3

I need a fast way to evaluate modulo 90 of any unsigned 32 bit. One way I am aware of is to represent 1/90 as 0.7111111111111 * 2^-6, then represent 0.7111111111111 as 3054198966 * 2^-32. Hence, if I multiply the input with 3054198966, take upper 32 bits with rounding and shift right by 6 bits, I get the result of input divided by 90. I then take the result, multiply by 90, and subtract that from the input.

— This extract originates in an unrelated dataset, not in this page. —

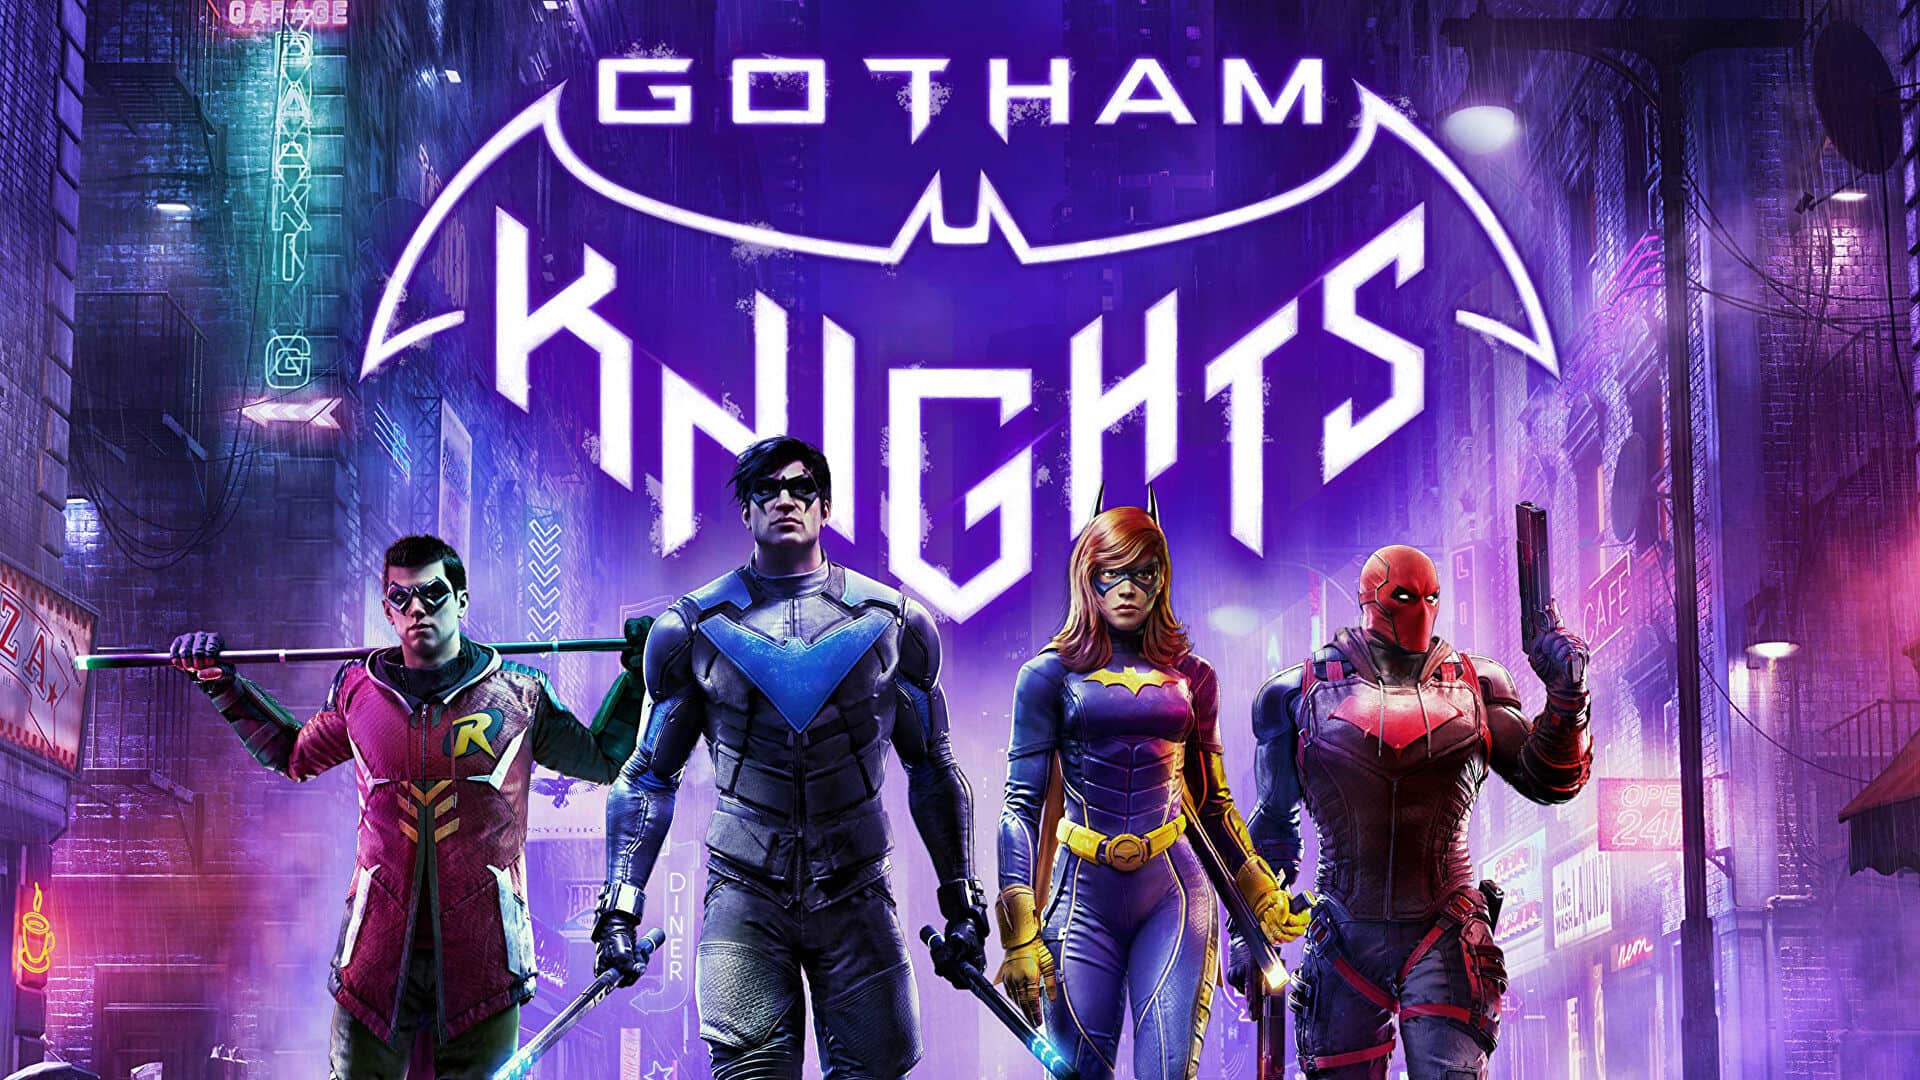 will batman be in gotham knights

This technique, which relies on MulHigh, is expensive - it costs 1 32bx32b-->64b multiplication, 1 32b multiplication and 1 subtraction. I wander whether there is a cheaper way.

1 Answers1

1

Consider the C program below

unsigned int test(unsigned int x)
{
        return x % 90;
}

The code generated for this program with cc -O2 (clang-800.0.38) is

movl    %edi, %eax
shrl    %eax
movl    $3054198967, %ecx
imulq   %rax, %rcx
shrq    $37, %rcx
imull   $90, %ecx, %eax
subl    %eax, %edi
movl    %edi, %eax
popq    %rbp
retq

which seems to agree with your technique, except that it uses $3054198967$ instead of $3054198966$.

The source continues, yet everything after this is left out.